Among the entries below, copy only the span from the line containing "Spring plant in ceramic vase" through the line containing "DY Capri® Engagement". Do so exactly, and skip the pictures.

### DATA RECORDS
-------------------------
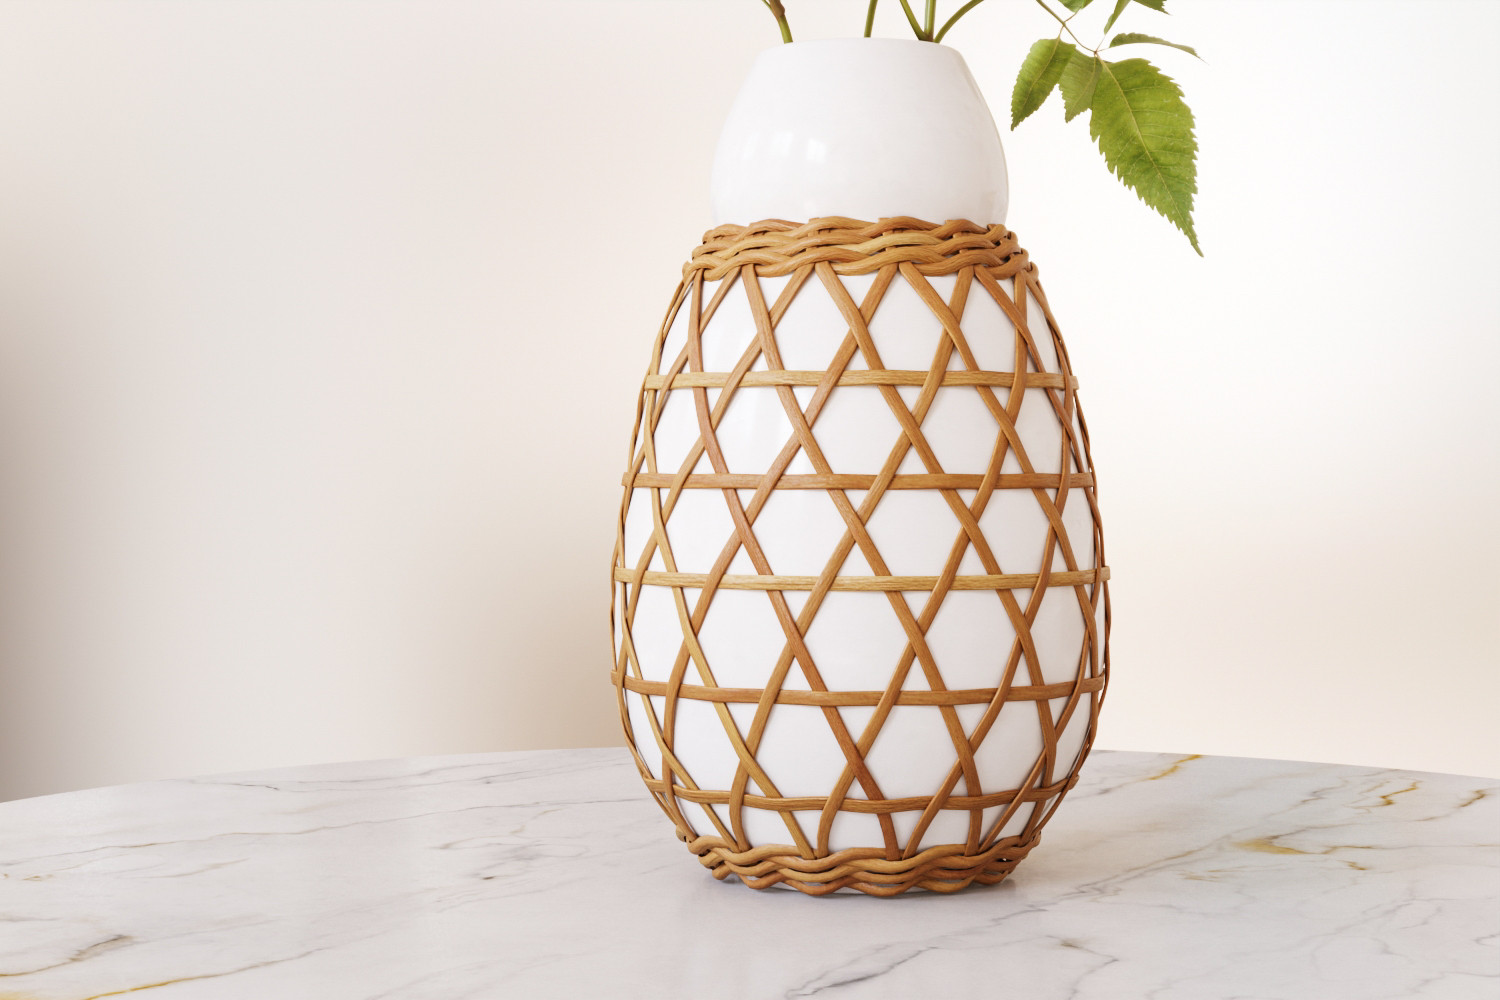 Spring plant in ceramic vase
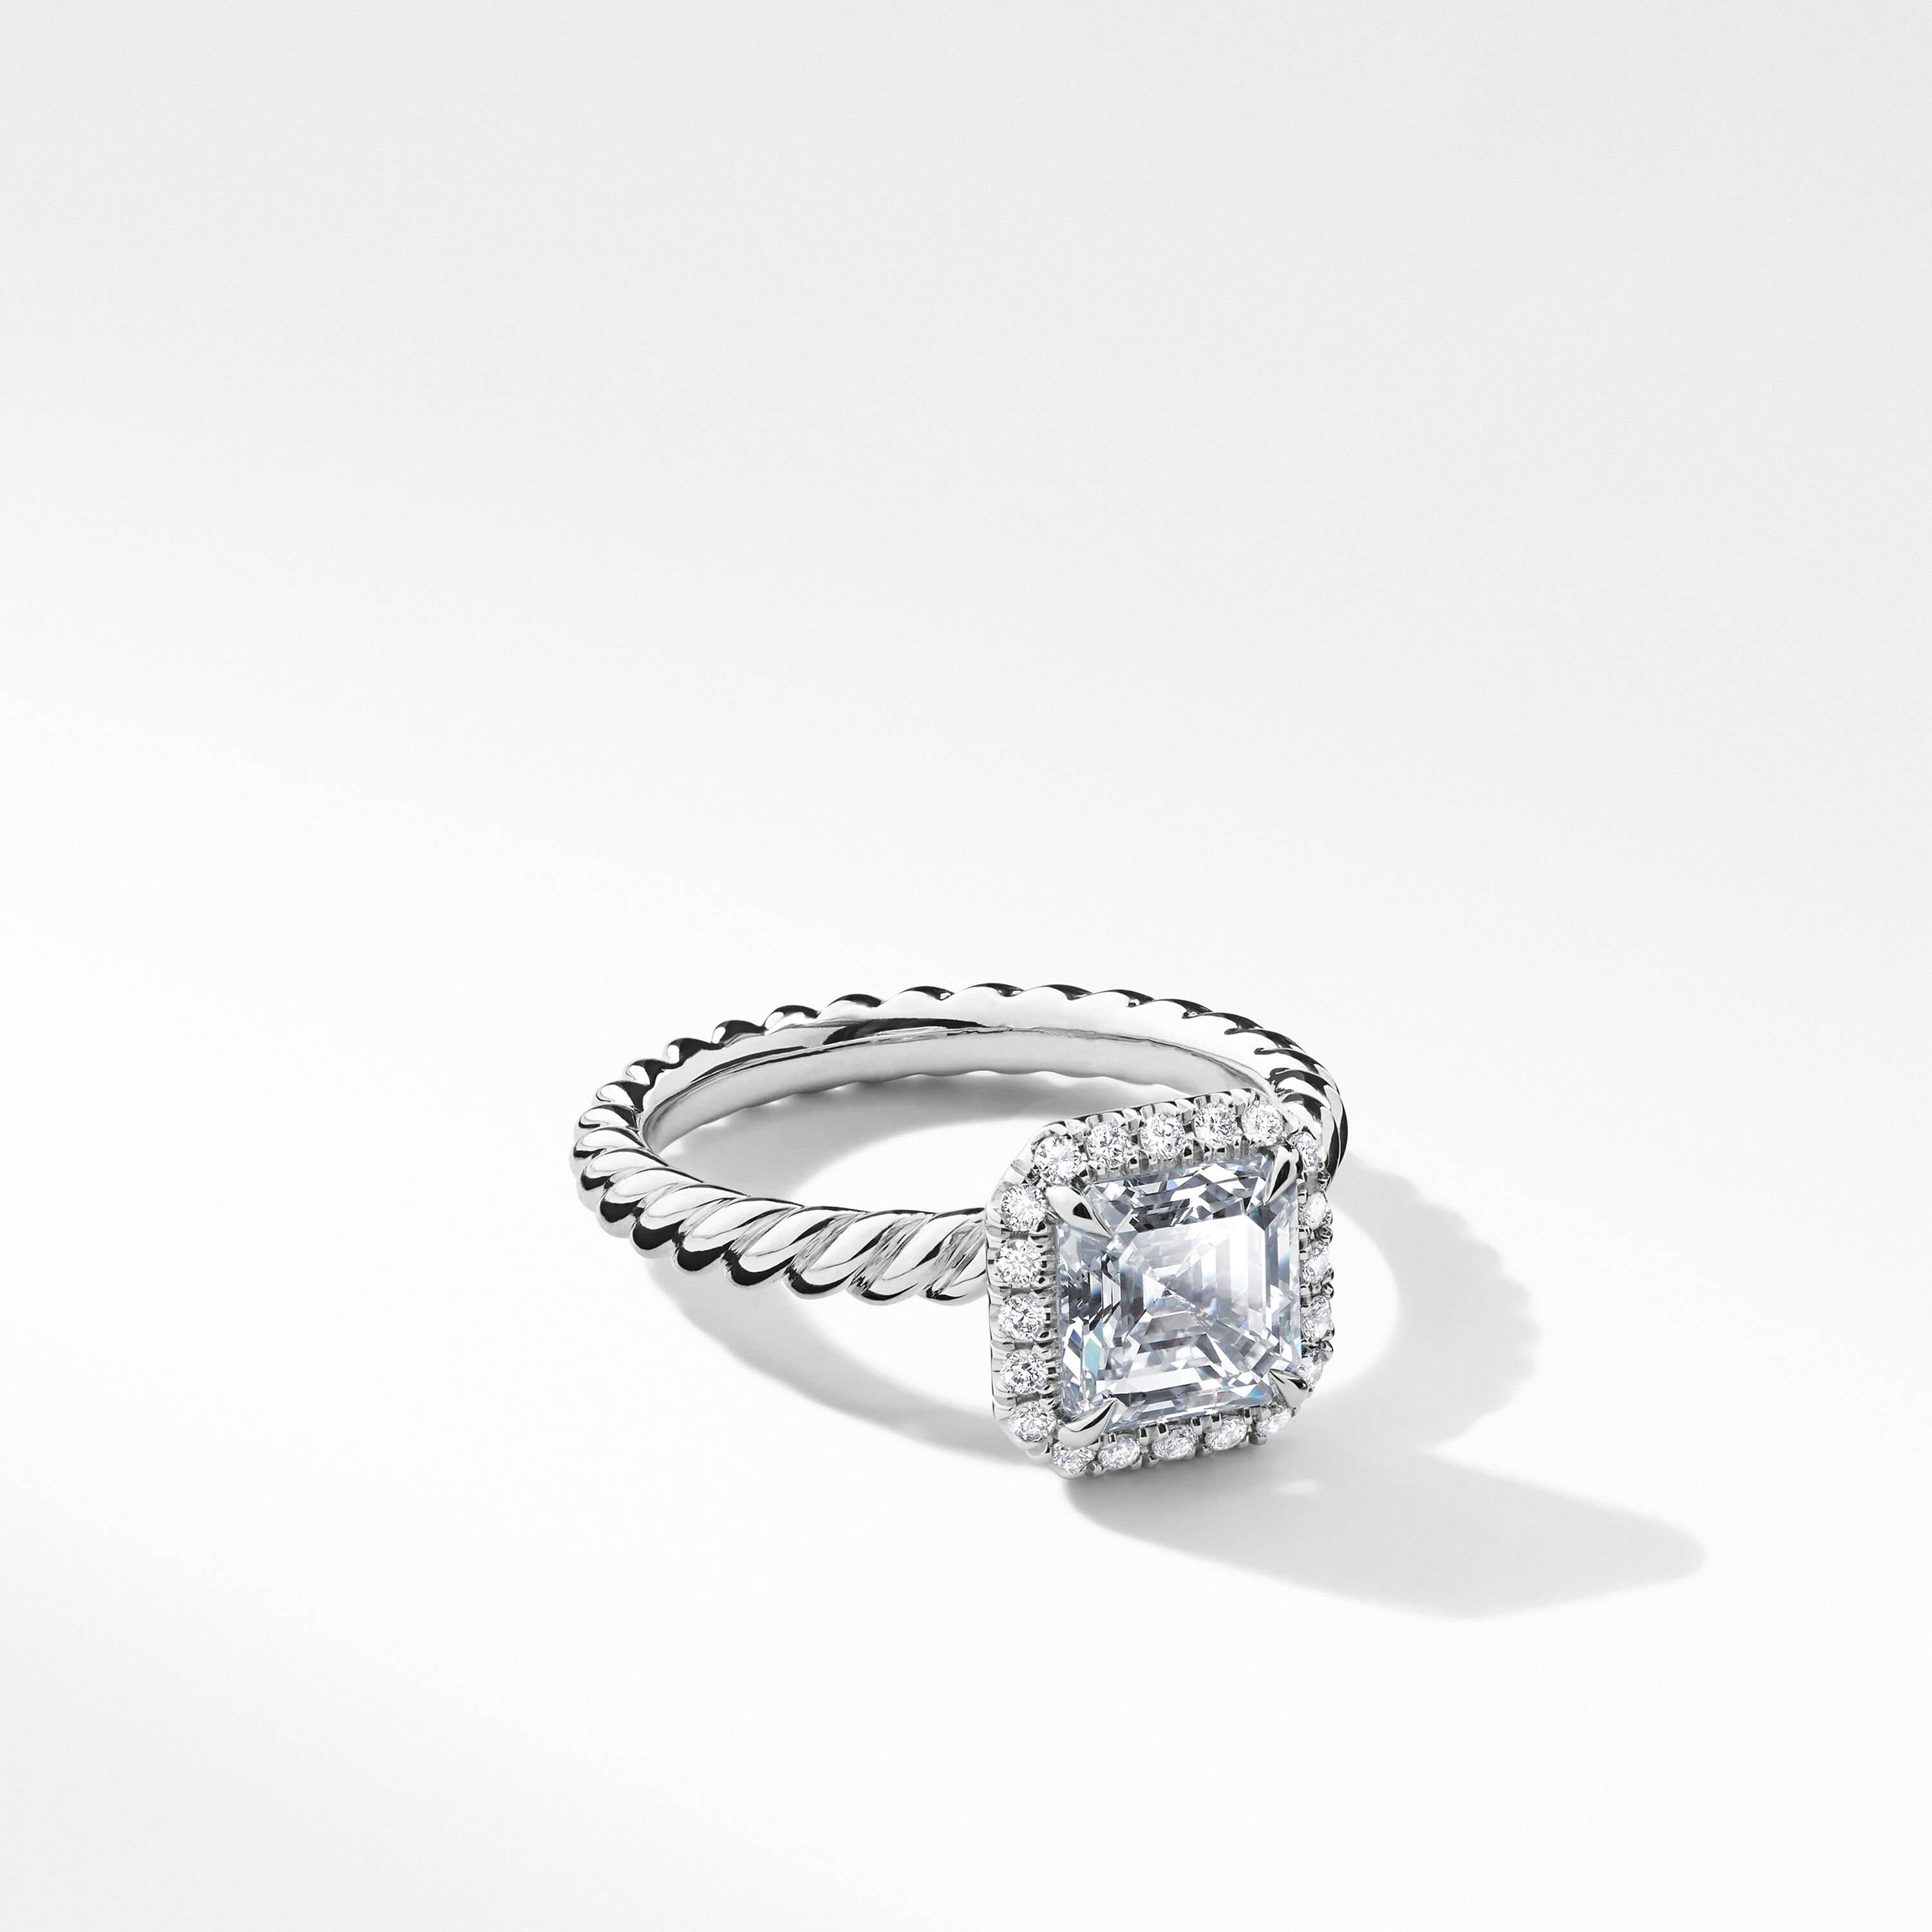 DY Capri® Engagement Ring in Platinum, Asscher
-------------------------
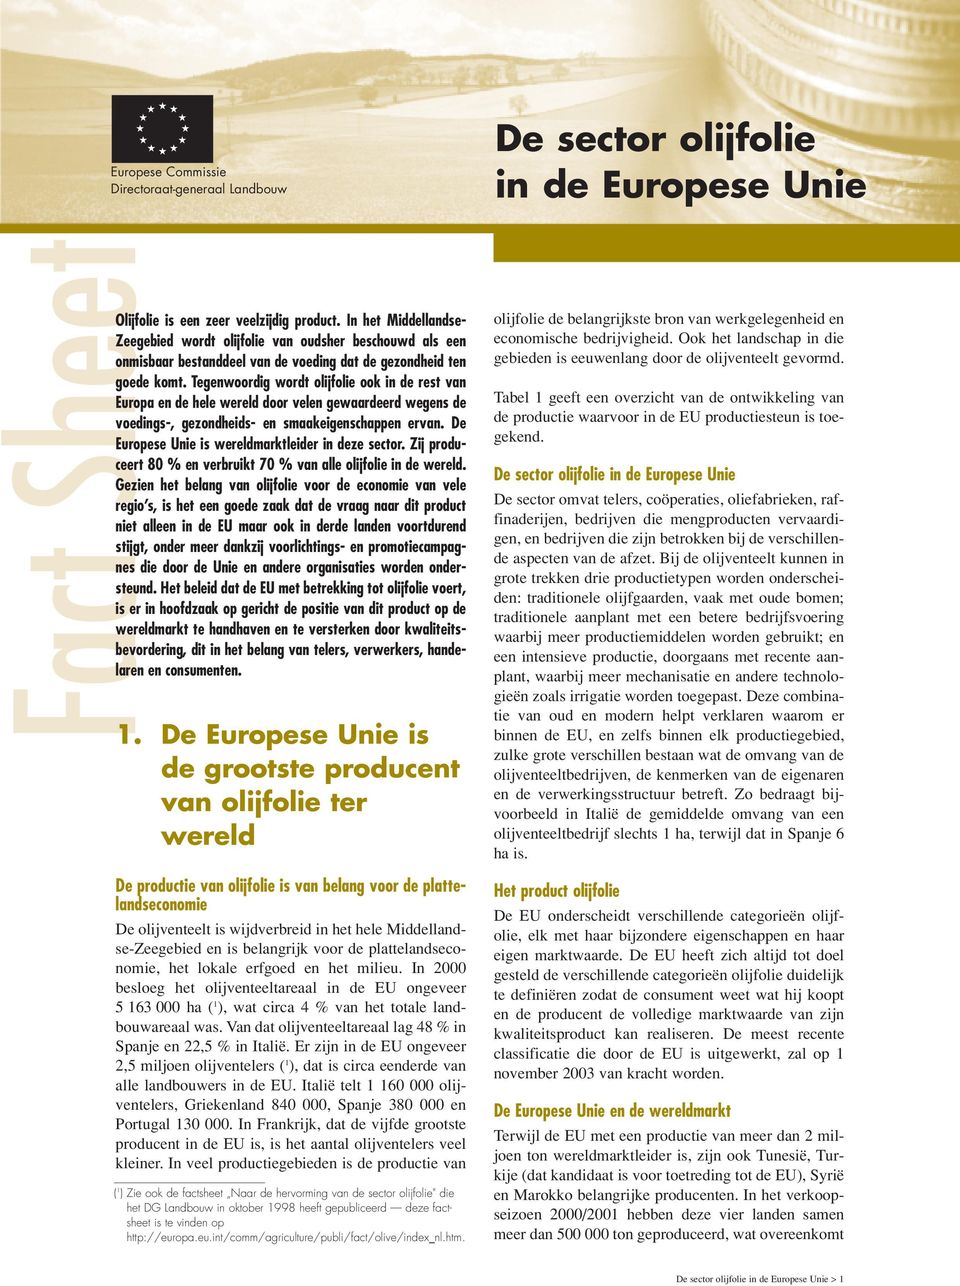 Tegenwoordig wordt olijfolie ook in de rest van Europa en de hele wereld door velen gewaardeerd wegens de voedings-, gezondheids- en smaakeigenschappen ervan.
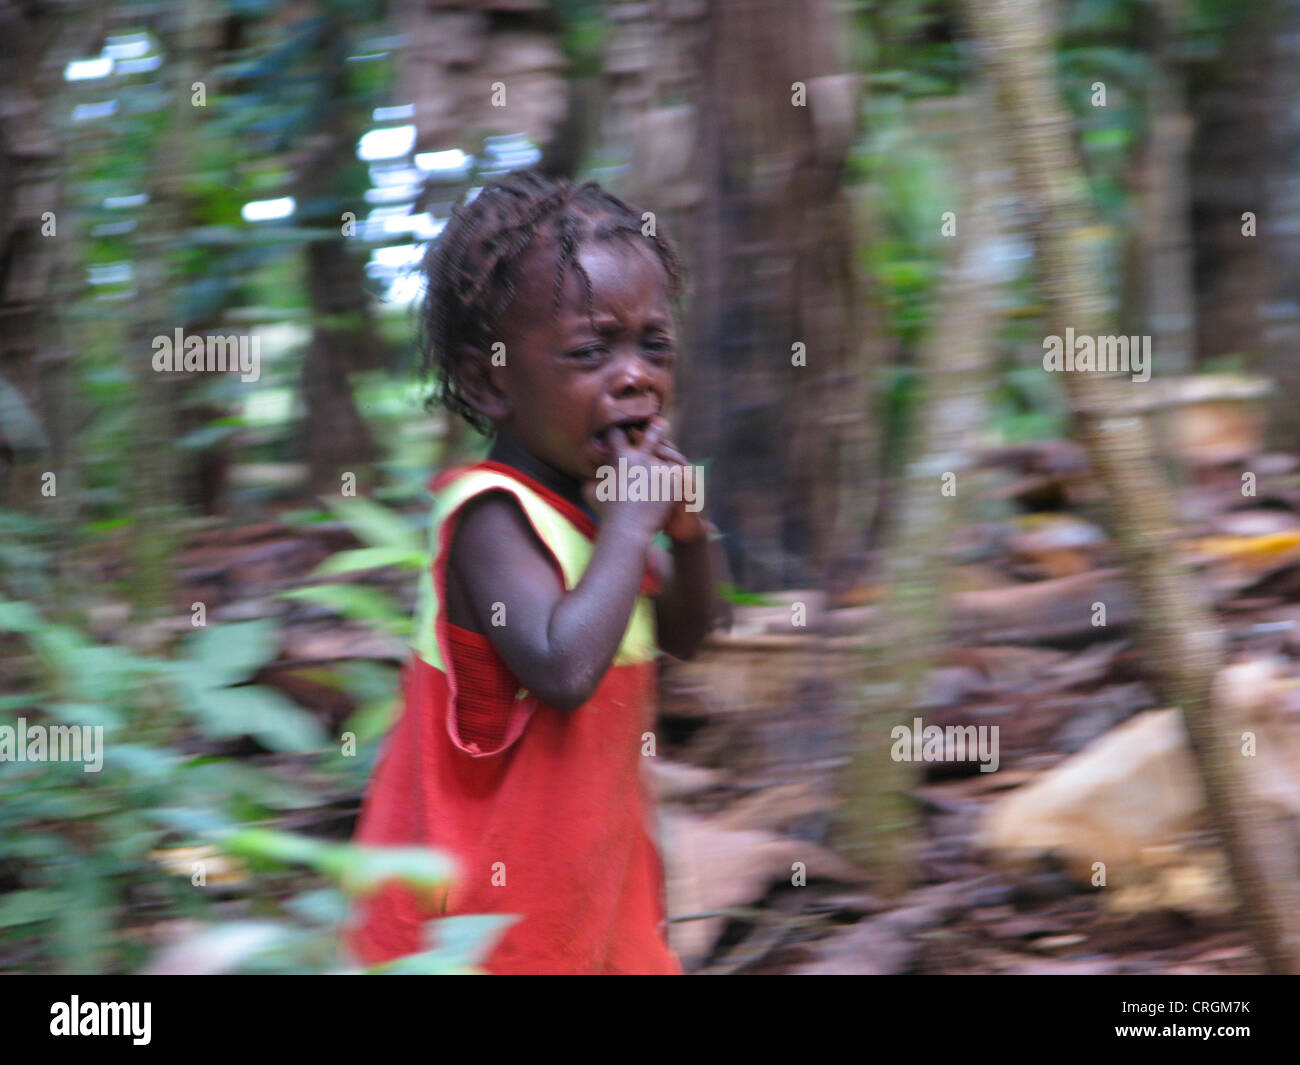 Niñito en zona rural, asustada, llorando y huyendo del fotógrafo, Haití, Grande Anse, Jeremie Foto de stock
-------------------------
### RESPONSE
 Spring plant in ceramic vase
 DY Capri® Engagement Ring in Platinum, Asscher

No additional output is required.